== ABOUT THIS EXERCISE ==
The lines from the one containing "Additional Photos Balenciaga" through the last one in the data: please copy those exactly, and only those, without the pictures.

== DATA EXCERPT ==
+ + + + +

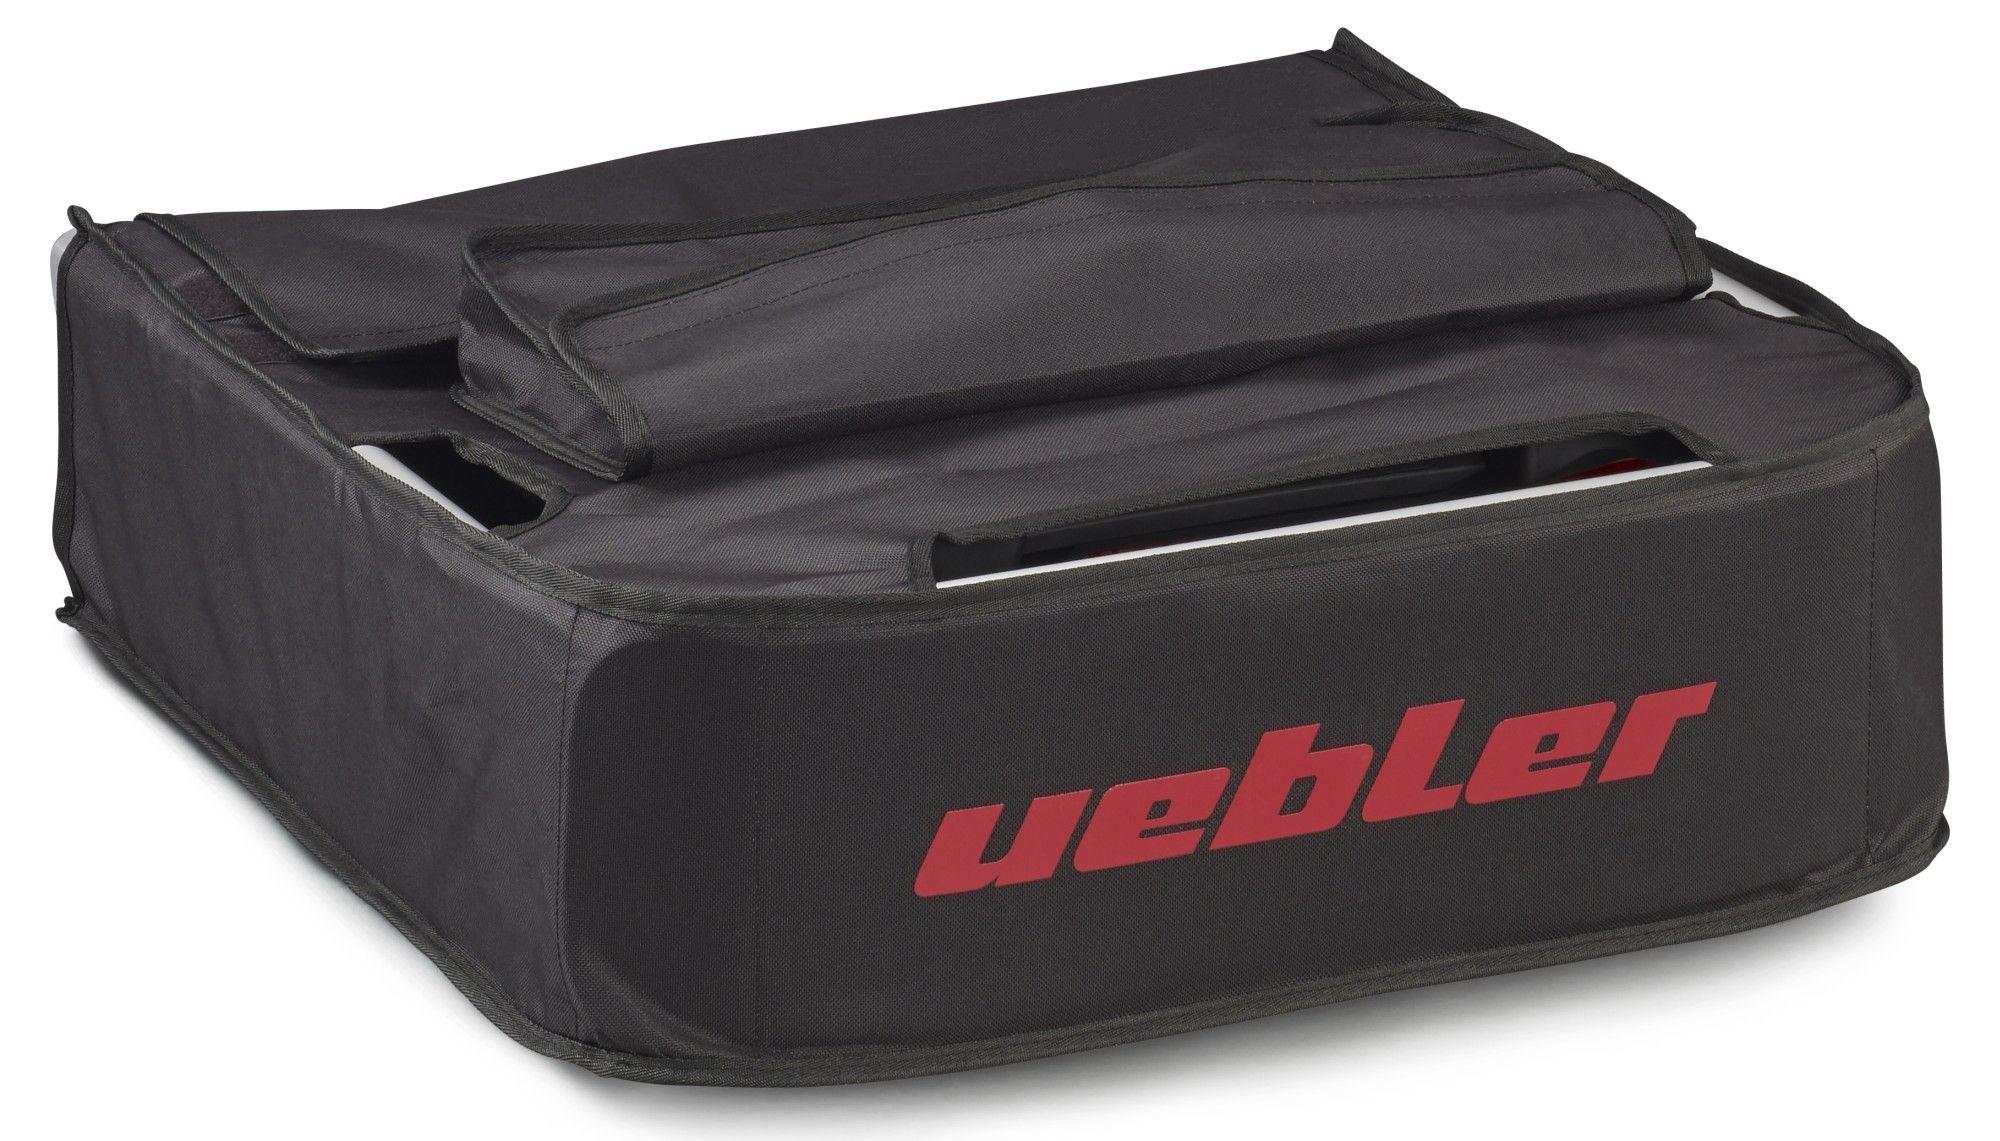 fahrradträgerzubehör: Uebler  Transporttasche für i21 19840
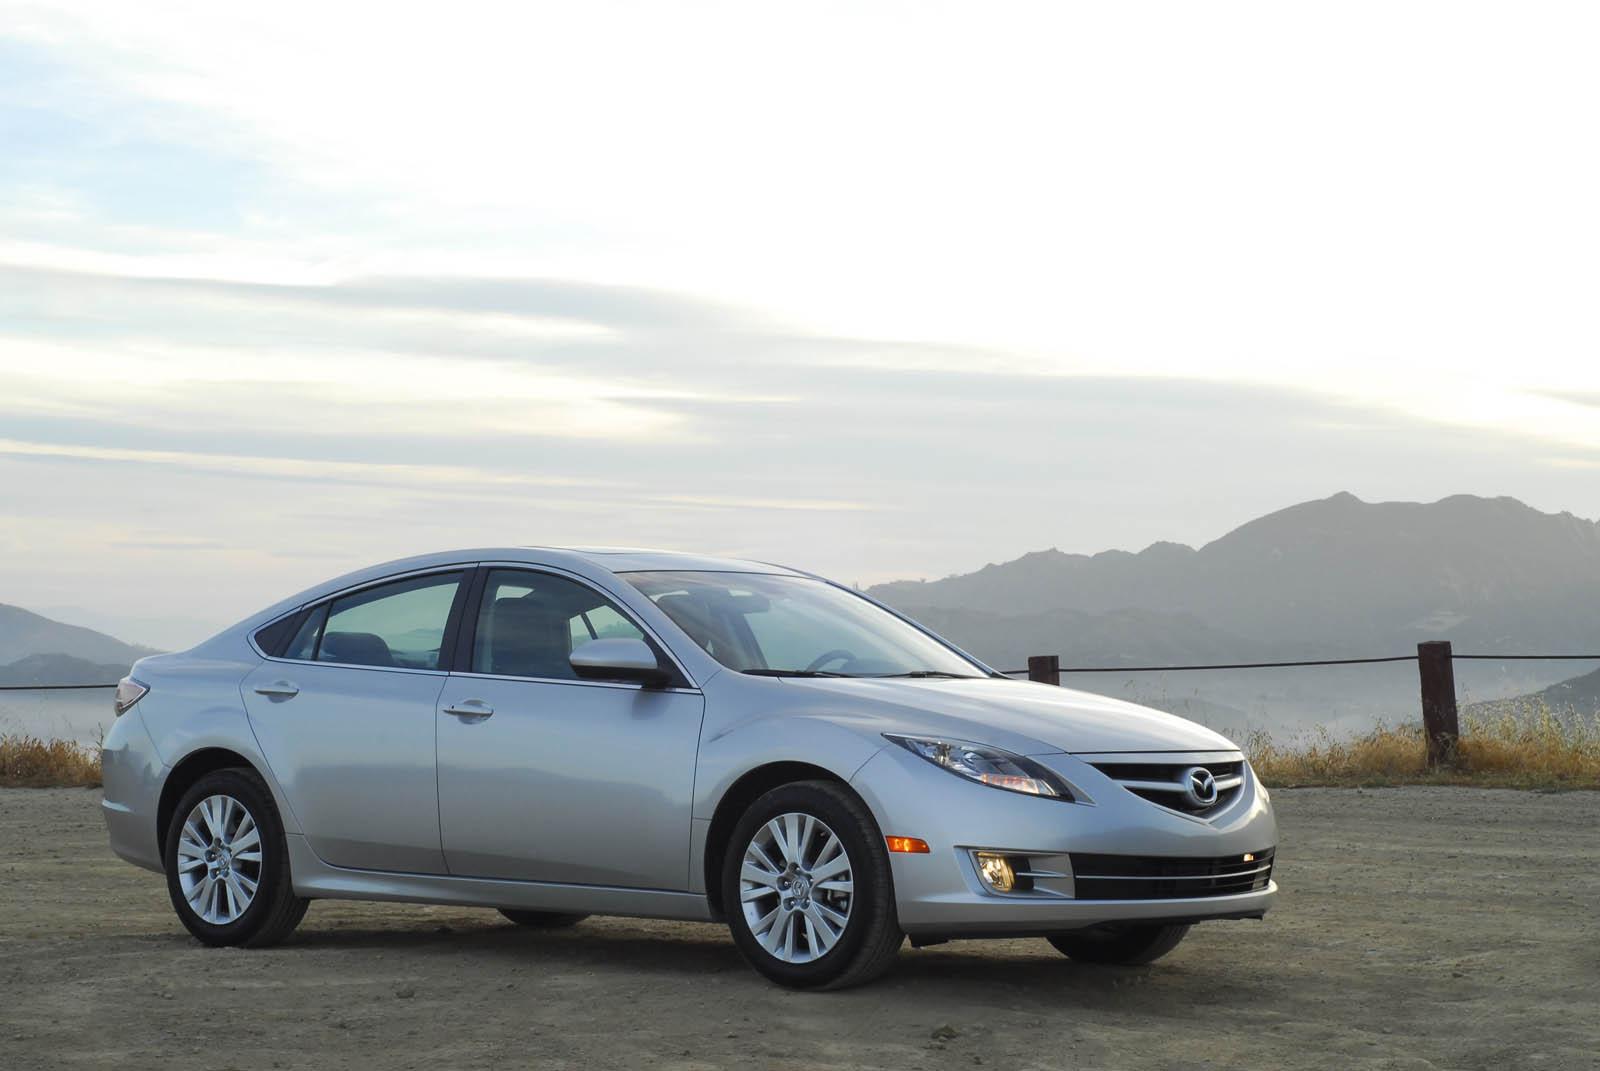 2009 Mazda Mazda6 Image 1
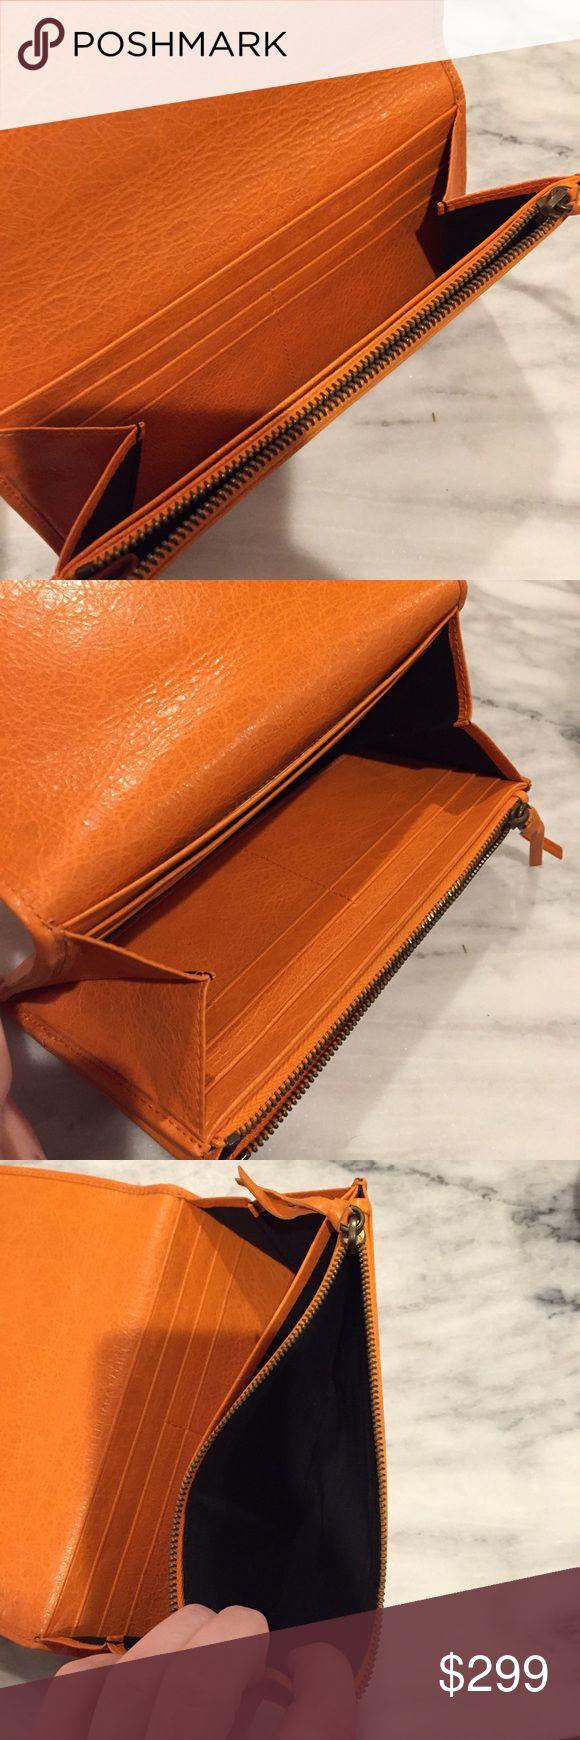 Additional Photos Balenciaga Classic Money Wallet Please reference original post. Balenciaga Bags Wallets
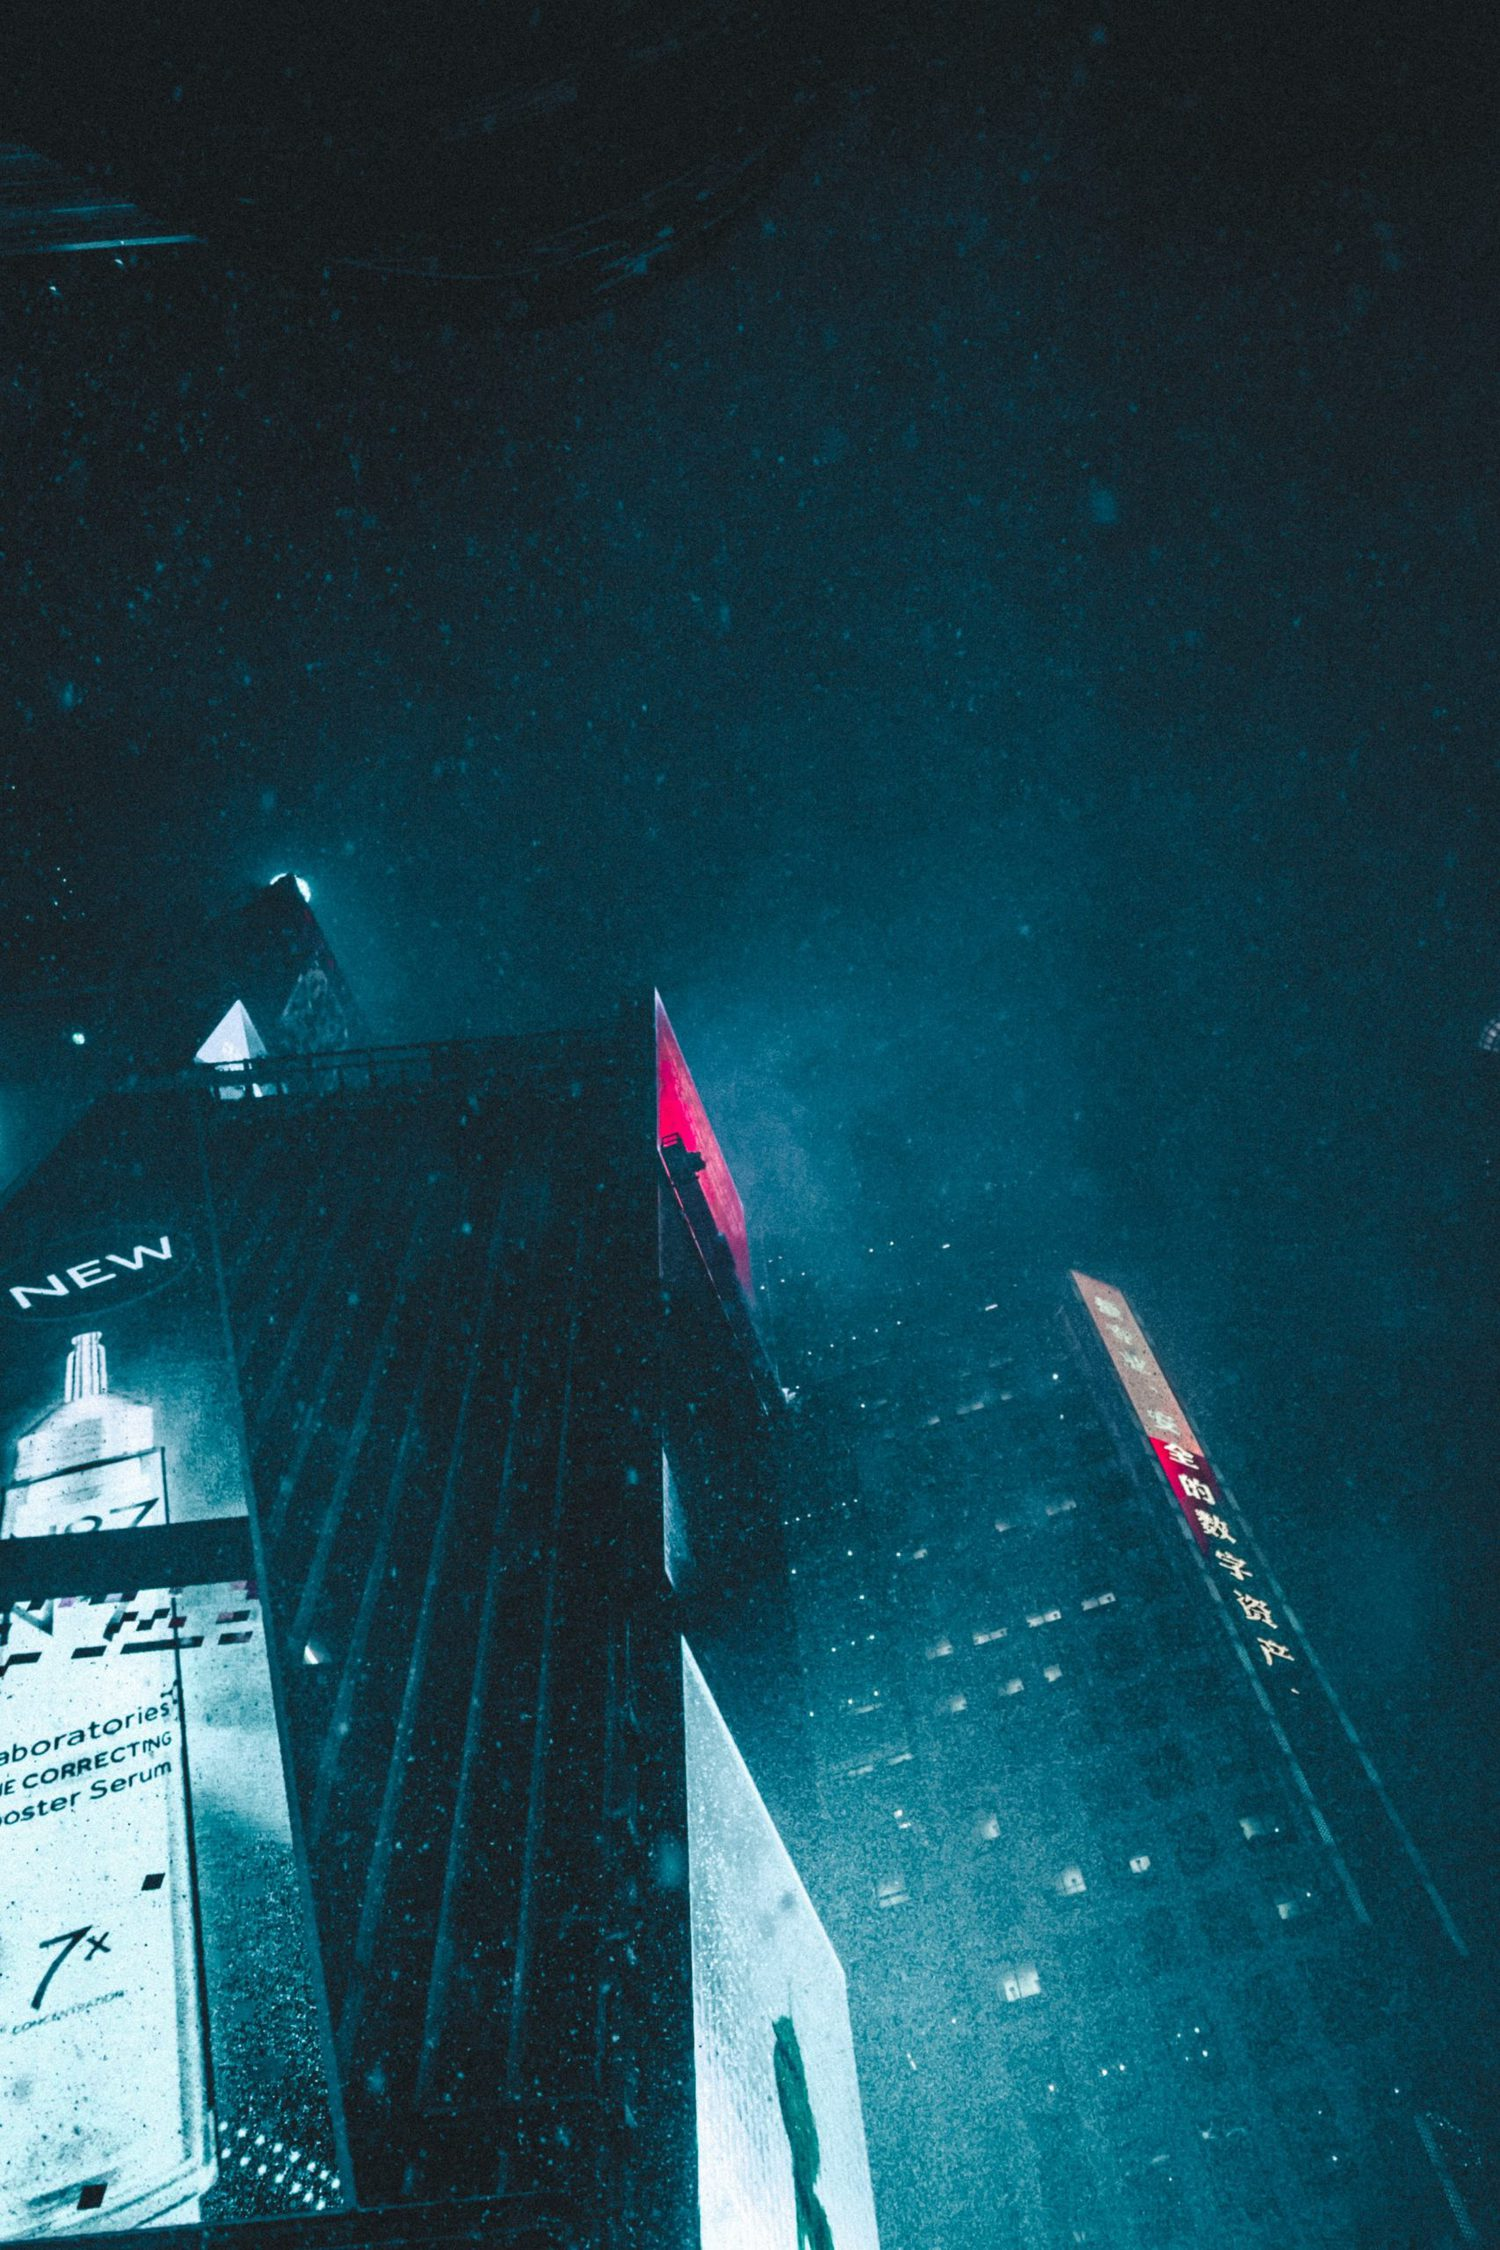 edificios de noche

+ + + + +

== EXERCISE RESULT ==
 Additional Photos Balenciaga Classic Money Wallet Please reference original post. Balenciaga Bags Wallets
 edificios de noche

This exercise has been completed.